- **ABOUT THIS EXERCISE**: Print the listing below exactly, minus its pictures.

- **INFORMATION PROVIDED**:
..............................

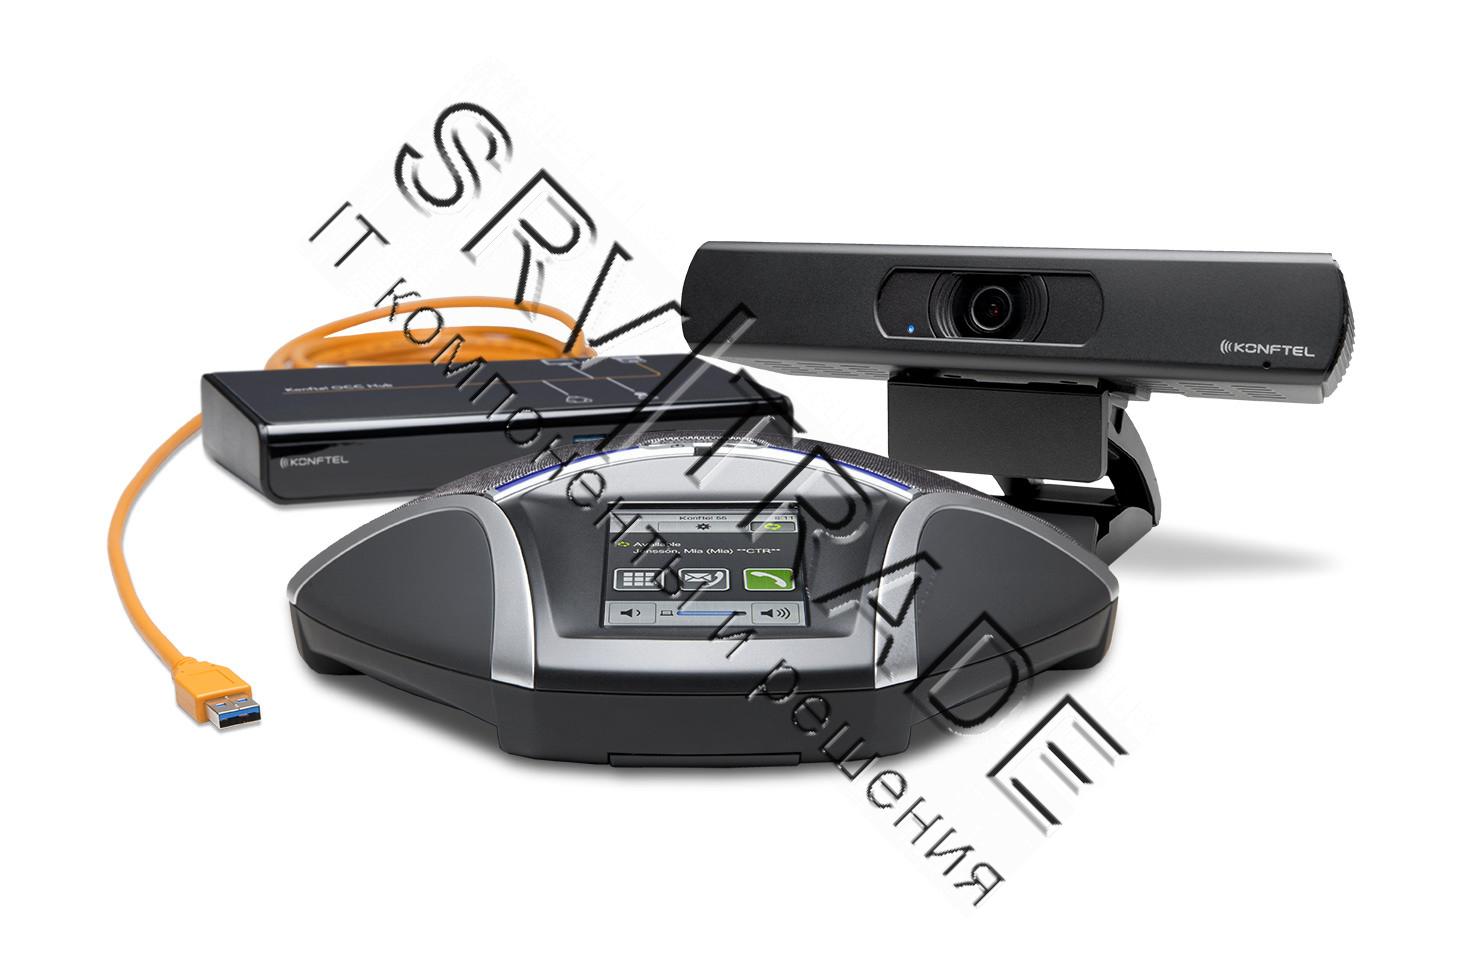 Комплект для видеоконференцсвязи Konftel C50300IPx (300IPx + Cam50 + HUB), Konftel KT-C50300IPx
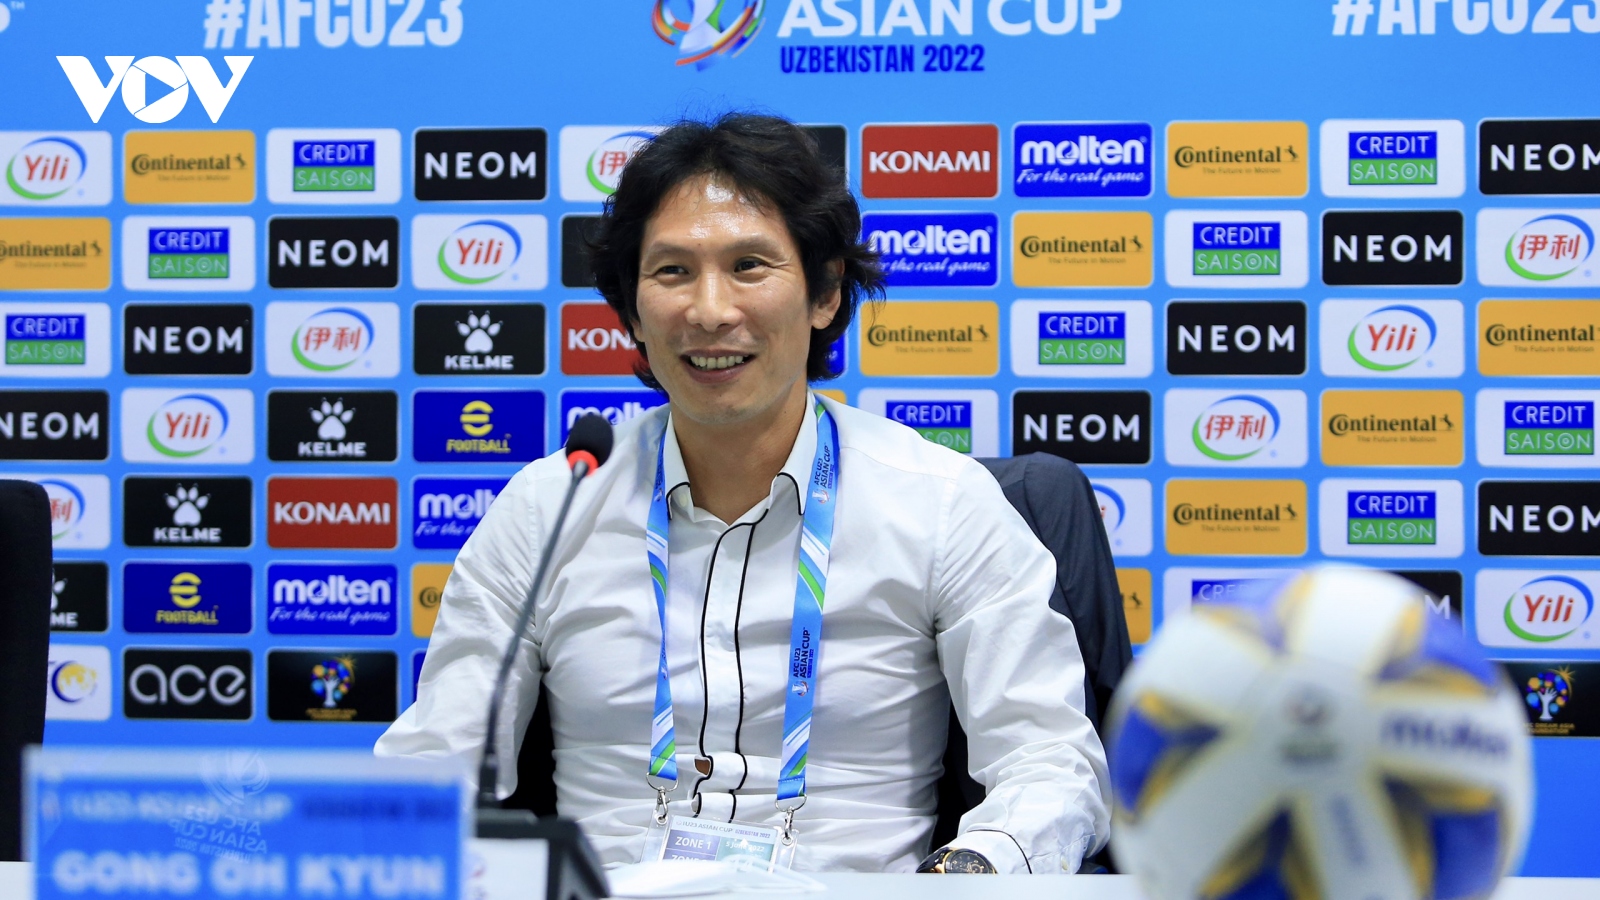 HLV Gong Oh Kyun nói gì khi cùng U23 Việt Nam vào tứ kết U23 châu Á 2022?
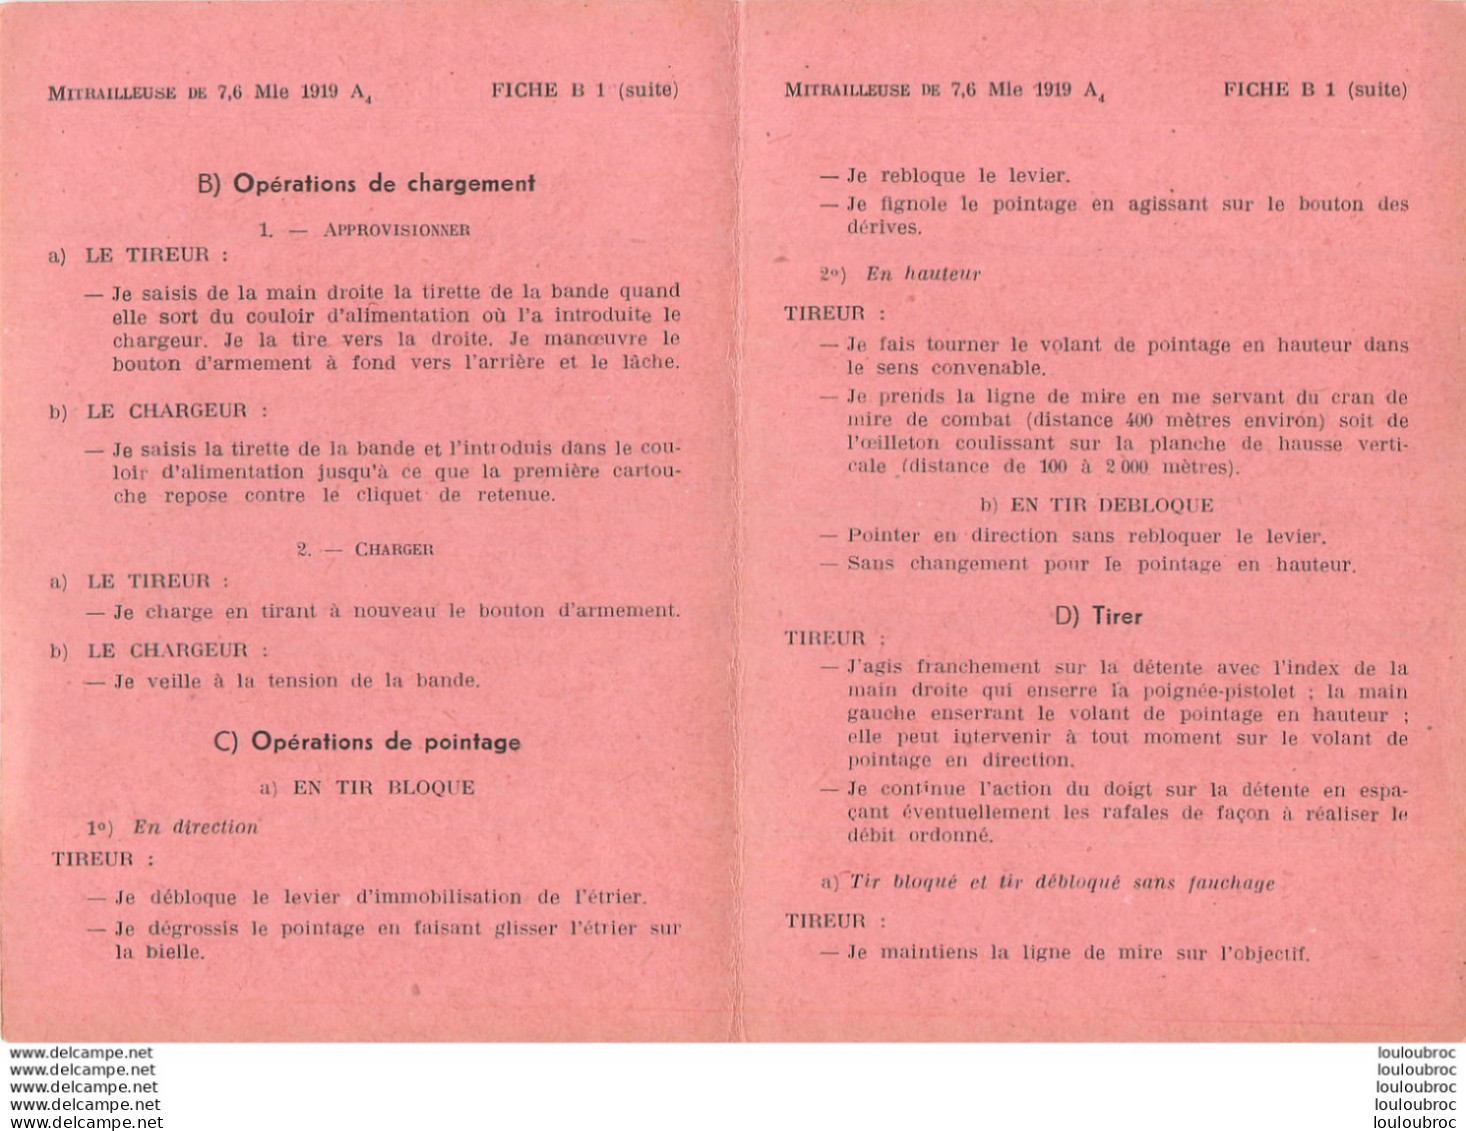 MITRAILLEUSE DE 7.6  MODELE 1919 A4 NOTICE COMPLETE AVEC TOUTES SES FICHES DE B1 A B7 - Decorative Weapons

..............................

- **RESPONSE**:
 Комплект для видеоконференцсвязи Konftel C50300IPx (300IPx + Cam50 + HUB), Konftel KT-C50300IPx
 HLV Gong Oh Kyun nói gì khi cùng U23 Việt Nam vào tứ kết U23 châu Á 2022?
 MITRAILLEUSE DE 7.6  MODELE 1919 A4 NOTICE COMPLETE AVEC TOUTES SES FICHES DE B1 A B7 - Decorative Weapons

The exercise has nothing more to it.